Environment_Infrastructure/roadmap/prod-env/01-swarm-init-multinode.md

# 01 — Docker Swarm Init (Prod — Multi-Node)

## Context
- **Repo:** `iklim.co` root
- **Environment:** prod
- **Topology:**
  - 3 × service nodes — all act as **Swarm managers AND app workers** (Raft quorum: 1 can fail)
  - 3 × DB nodes — **NOT part of Docker Swarm** (separate DB cluster, out of scope)
- All 6 nodes are in the same private network.
- Pipeline trigger: push to `prod-env` branch → Gitea runner on `prod-runner` (first service node).
- Swarm has 3 nodes total; all are manager-eligible and carry workloads (no dedicated worker-only nodes).

## Node labeling plan

| Node | Role | Swarm role | Labels |
|------|------|------------|--------|
| service-1 | API services, SWAG, Vault | Manager + Worker | `type=service` |
| service-2 | API services replicas | Manager + Worker | `type=service` |
| service-3 | API services replicas | Manager + Worker | `type=service` |

> DB nodes (`db-1/2/3`) are **not part of Docker Swarm**. They run as a separate cluster
> and are provisioned independently.
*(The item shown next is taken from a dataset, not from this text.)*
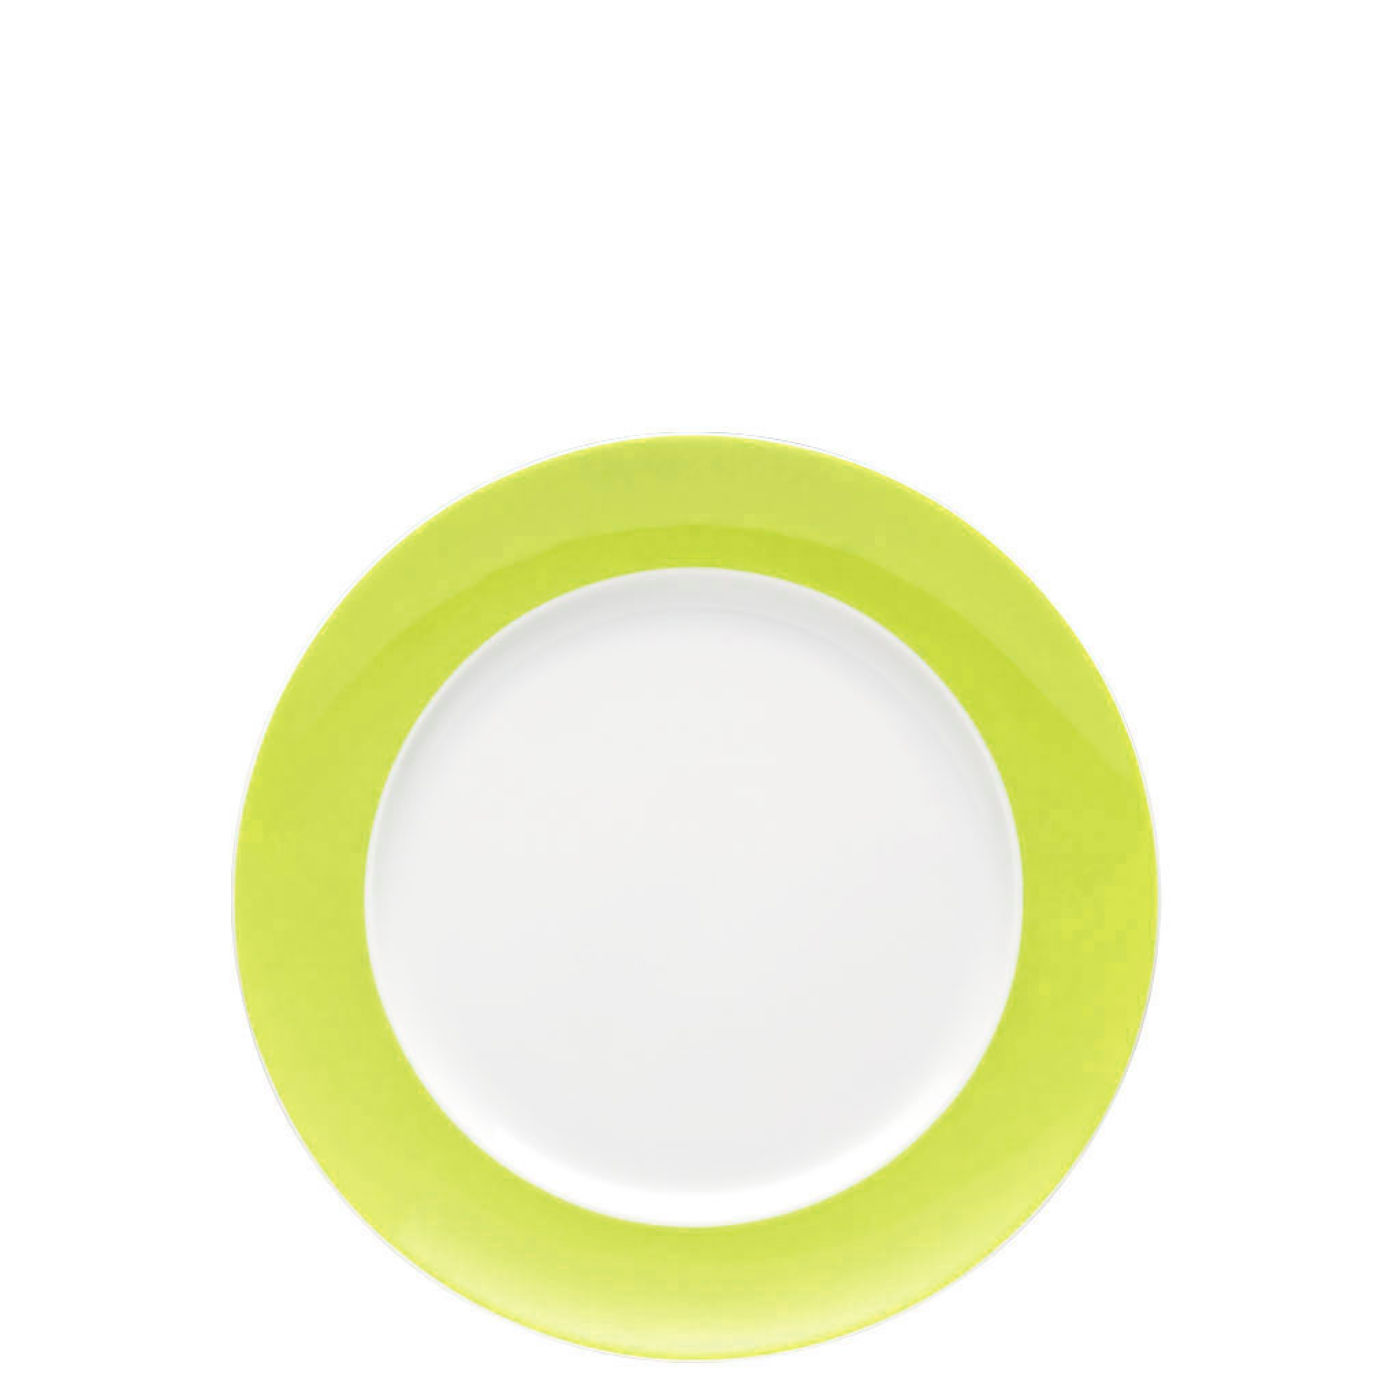 Набор столовый на 2 персоны Rosenthal SUNNY DAY, желтый, 10 предметов Rosenthal 10850-408535-28010 фото 3

No Swarm join or label step applies to them.

## Step 1 — Init Swarm on service-1 (the prod-runner node)

```bash
MANAGER_IP=$(hostname -I | awk '{print $1}')
if ! docker info --format '{{.Swarm.LocalNodeState}}' | grep -q "active"; then
  docker swarm init --advertise-addr "$MANAGER_IP"
  echo "✅ Swarm initialized on $MANAGER_IP"
else
  echo "ℹ️  Swarm already active"
fi
```

## Step 2 — Get manager join token

```bash
docker swarm join-token manager  # for service-2, service-3
```

Save this token — needed on service-2 and service-3.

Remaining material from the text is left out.